# 1520 New Holland



## Sunnyrithe (Nov 3, 2018)

Hyd oil leaking out of weep holes in the under belly any ideas on the cause ?


----------



## RC Wells (Dec 26, 2008)

12 speed or hydrostatic transmission?


----------



## Sunnyrithe (Nov 3, 2018)

This hydro Can it just be an o-ring or quad ring on the hyd pipe that enters through the left side of the housing ? Thanks Jim W


----------



## RC Wells (Dec 26, 2008)

It is possible that the adapter inside the case is leaking, especially if the union outside the case has a failed O ring. There are three pipes into that pump, plus the pump itself has seals. I suspect you will not know the source of the leak or leaks until you split the tractor.


----------



## maxreco (Sep 30, 2015)

Hey Sunny, have you fixed the leak yet? If you park the tractor on an incline with the nose up, does it stop? Or nose down, does the drip at the cotter pin slow or stop?

I had the similar leaks; both from the weep hole with the cotter pin and form the HST pipe. Although is appears that this pipe fits into the housing tightly, it doesn't. So if you have oil inside the housing and the level reaches that pipe, it will leak out. I replaced the o-ring, which is internal to the pipe and has nothing to do with the fit between the pipe and the housing, but that didn't stop it.

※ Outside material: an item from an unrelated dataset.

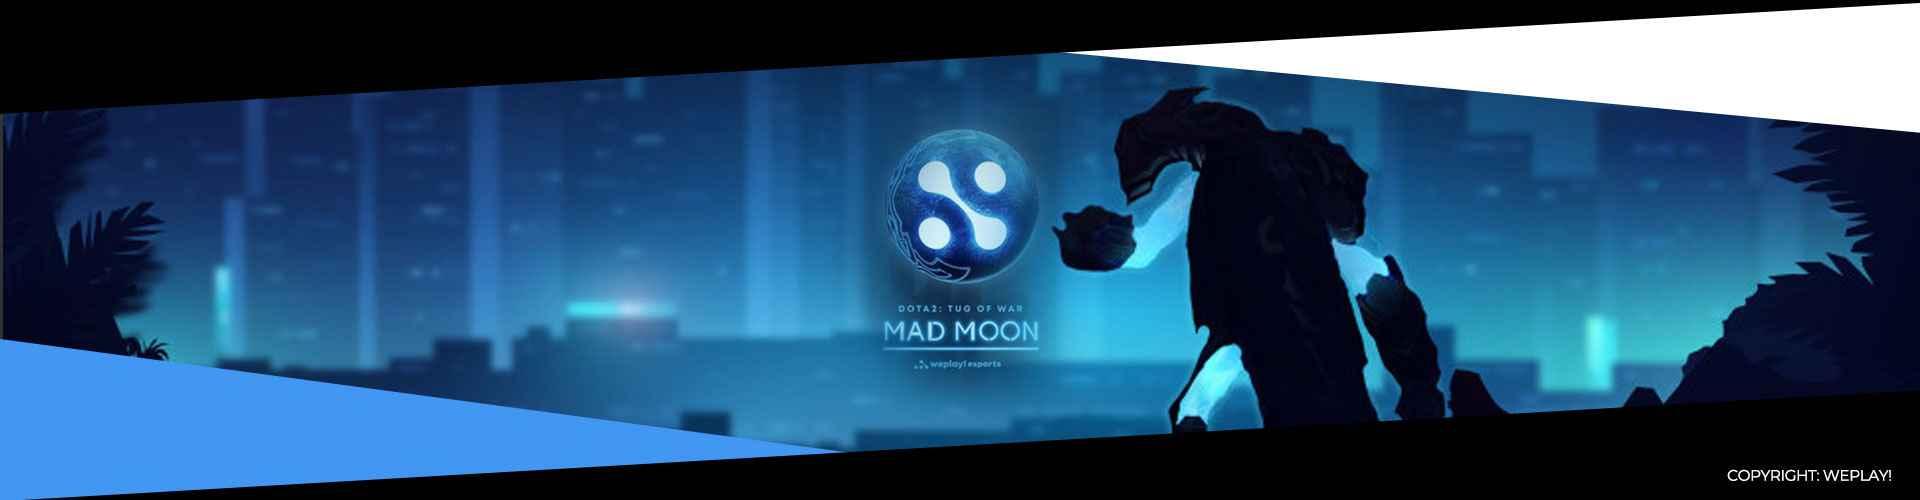 Dota 2 - WePlay! Tug of War: Mad Moon 2020
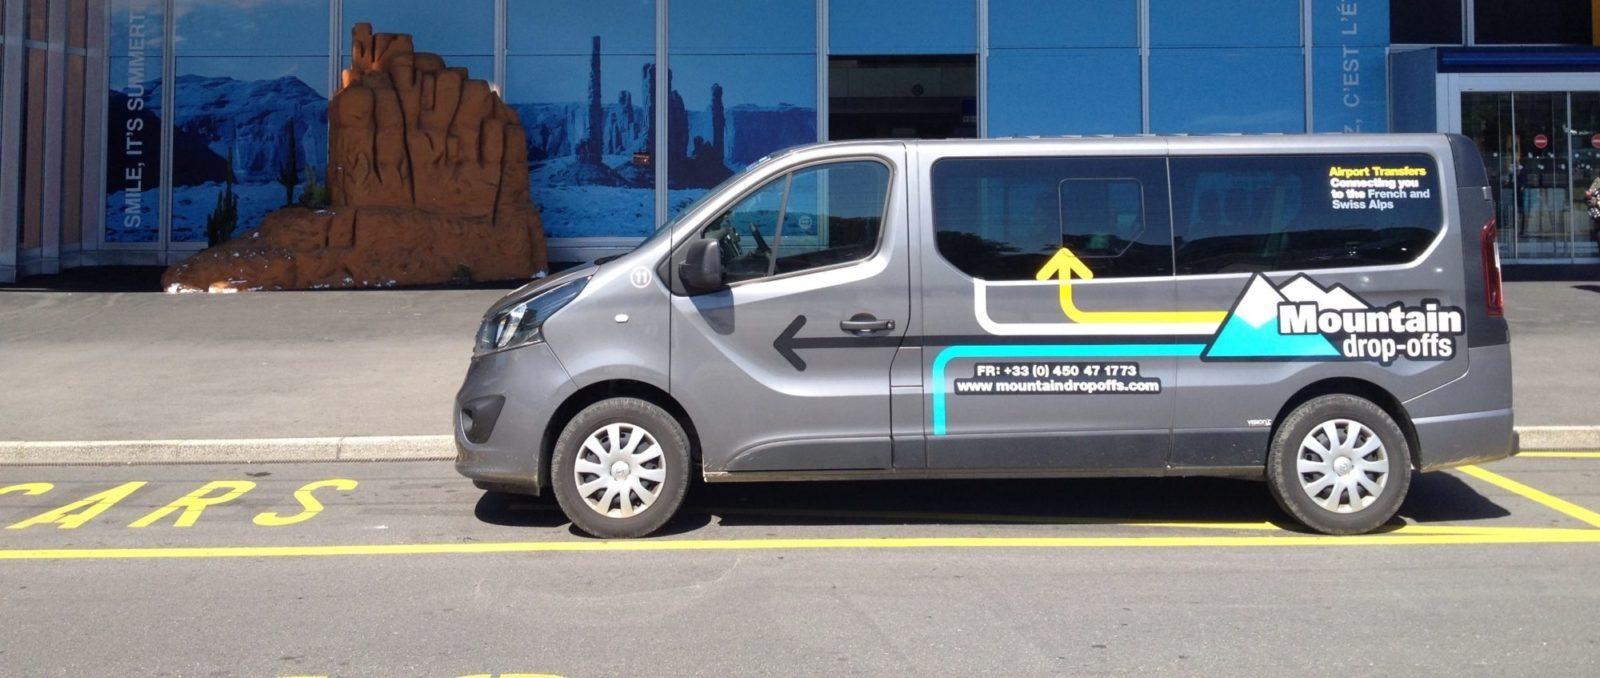 Grey transporter van parked near an airport

I believe my issue lies within the transmission housing; one of three possible seals is bad and that requires splitting the tractor. I plan to replace all of them at that time.


----------



## Tony333 (Sep 2, 2021)

I am having the same problem with my ford 1520 has anyone fixed or found the source of this problem? I have replaced allcthe O rings on all the hard piping into the transmission and started filling it back up. it started leaking right out the left side again where the #12 tube is located on the bottom left side of the case. please respond if anyone has had of fixed this issue. Thank you.


----------